第64話
「俺があなたの騎士を…?どう言うことですか…?」
王女ルーナにいきなりそんなことを言われて、俺は戸惑ってしまう。
ルーナは誰も聞いているものがいないか周囲を警戒しながら声を潜めていう。
「このままだと私はこのパーティーが終わる前に暗殺されてしまいます」
「は!?暗殺…!?」
「しっ…声を小さく。誰かが聞いているかもしれません」
「…っ」
ルーナ曰く、ルミナスの現国王には十を超える息子娘たちがいて、それぞれが次代の王の座をめぐって権力闘争をしているとのこと。
ルミナスにおいては、王位継承権というのは王の子供全てに存在しており、先に生まれたからといって有利であるということがないらしい。
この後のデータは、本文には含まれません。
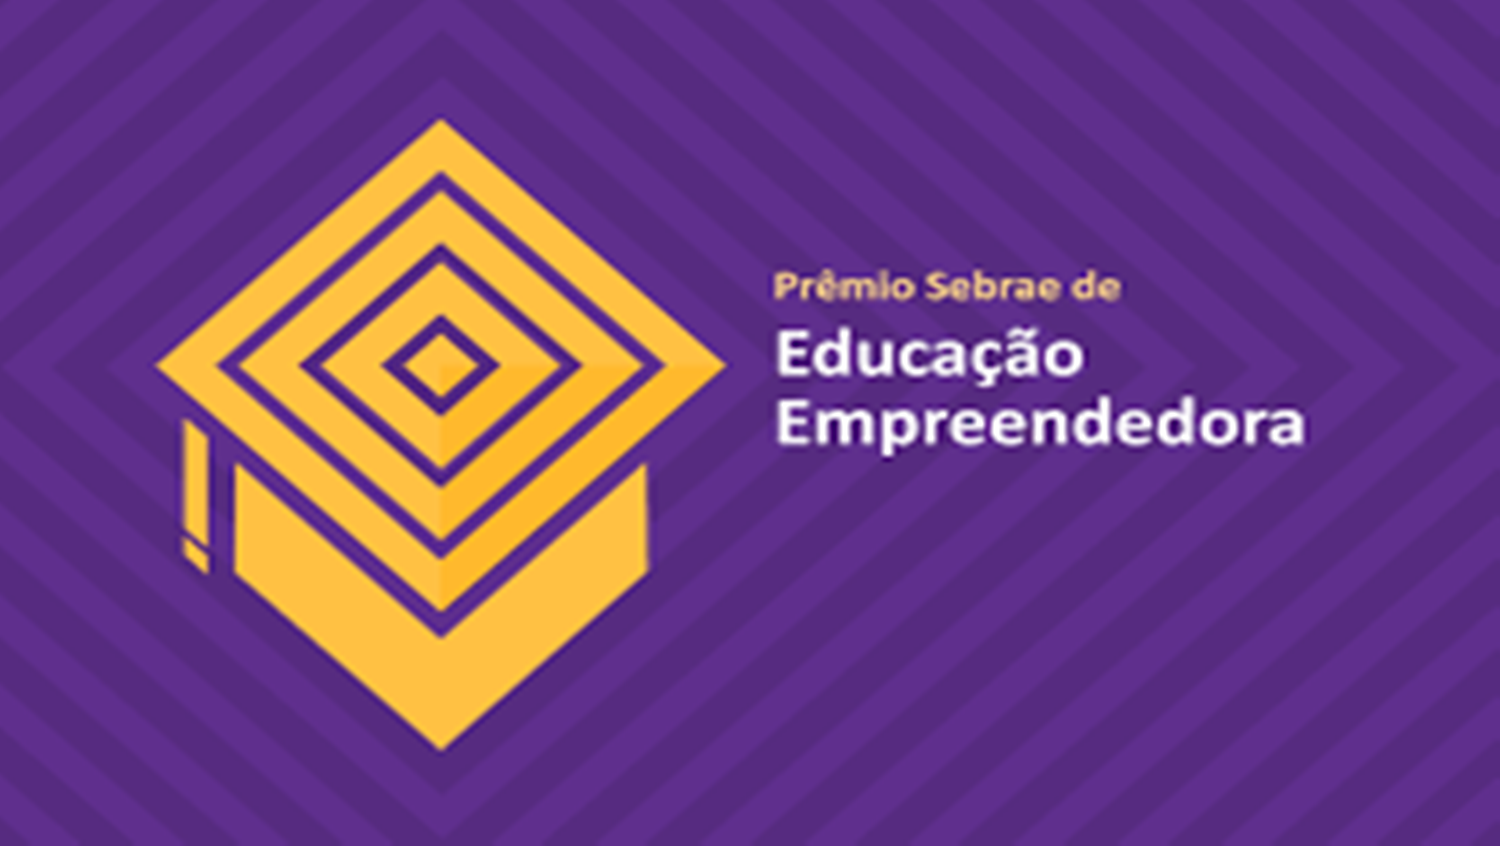 PRÊMIO: Etapa estadual de premiação do Sebrae em educação acontece na próxima semana
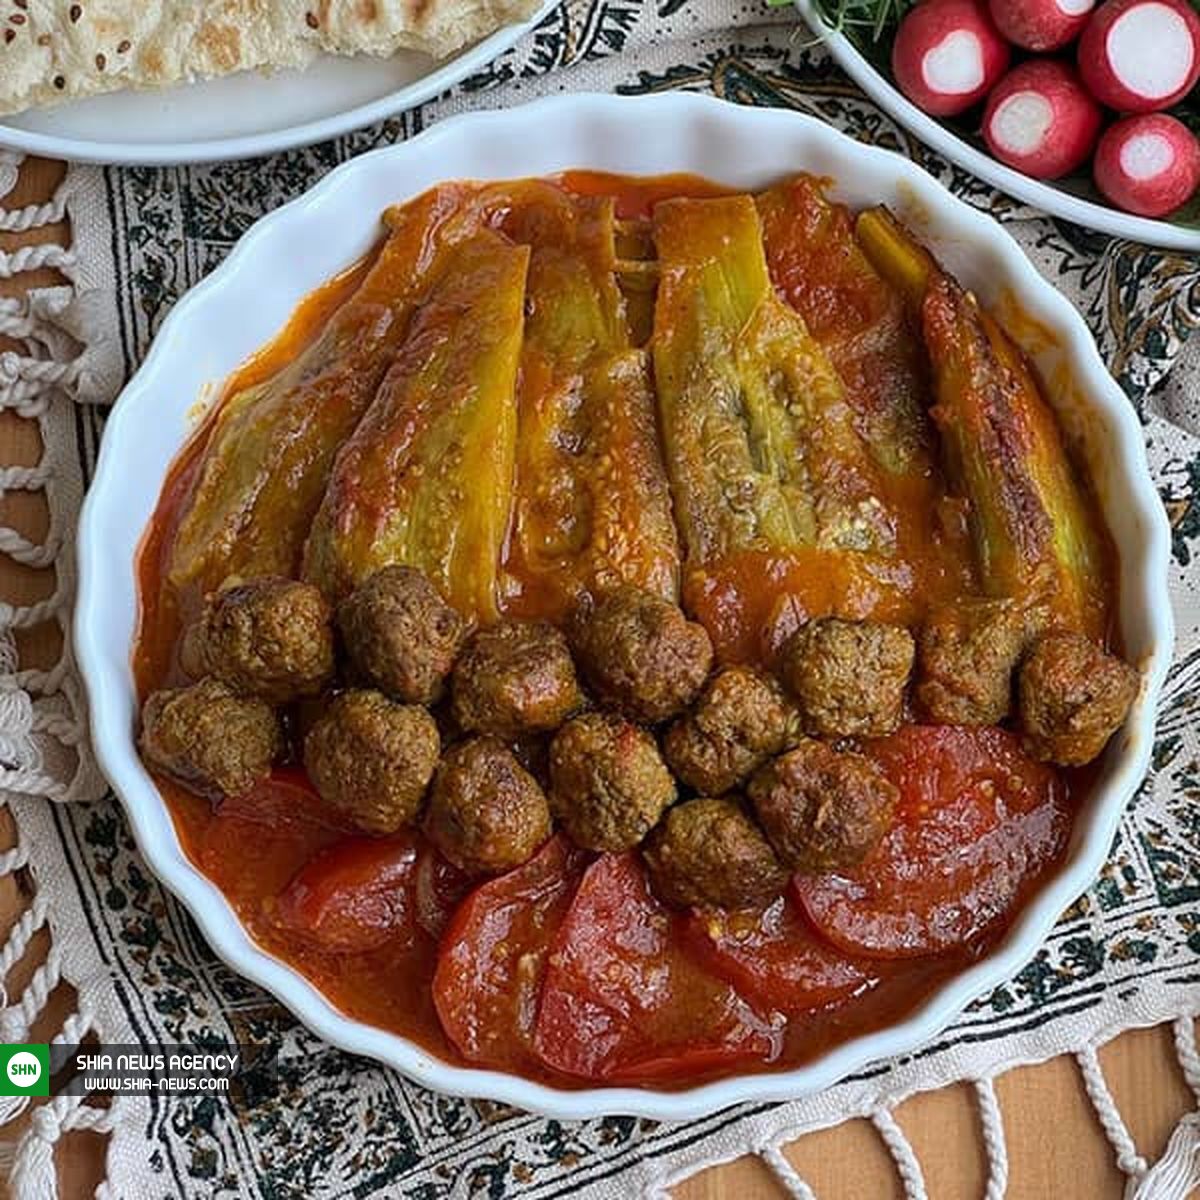 مشته بادمجان یک غذای خوشمزه و اصیل ایرانی

つまり誰もが王になる可能性を秘めており、それだけ権力闘争も激しいのだとか。
「私たちの権力闘争は、より強く賢い王を選別するための伝統でもあります。兄弟姉妹どうして暗殺なんて日常茶飯事。私もこれまでいつ寝首を掻かれるかもしれないと思いながら生きてきました」
「…っ」
そんなに激しいのか権力闘争。
つまりあれか。
今日も誰かに命を狙われているかもしれないから、俺の護衛が必要ってことか。
「ある筋からこんな情報がもたらされたのです。今日この日…第三王女ルーナ・ルミナスの生誕祭に、王女が暗殺されると…」
「あ、暗殺…」
「首謀者もおおよそ検討がついているのですが、今ここでは申し上げられません。ただこのままだと私は高確率で兄弟のうちの誰かが奥た刺客によって殺されてしまうことでしょう…なので…」
「俺に守ってほしいと、そういうことですか」
「はい」
ルーナが頷いた。
話はわかった。
いやはや、王族というのも大変なんだな。
王の座をめぐって血の繋がった家族同士で殺し合いか。
このままだとこの生誕祭の終わるまでに、彼女は兄弟の誰かが放った刺客によって命を奪われてしまうという。
「…」
俺はルーナ王女を見ながら考える。
助けてあげたいのは山々なんだが、そう簡単に引き受けられるような案件じゃない。
引き受ければ俺まで王族たちの権力闘争に巻き込まれてしまいかねない。
そんなのはごめんだ。
悪いがここは断るのが無難な選択のように思える。
「すみません、ルーナ王女…俺は…」
「お願いします。アルト様…あなただけが頼りなのです」
「…っ」
俺が断ろうとしているのを察してか、王女が俺の手を握ってくる。
潤んだ瞳が上目遣いに俺を見つめた。
か、可愛い…
守ってあげたい。
思わずそう思ってしまった。
男って単純だ。
「す、すぐには引き受けられません…」
俺は高鳴る鼓動を必死に抑えながらいった。
「俺はアルトリアの騎士です…なので…主人の…カイルかニーナの指示がなければ動けません…なので彼らに相談してもいいでしょうか?」
俺がそういうと、ルーナ王女が微笑んだ。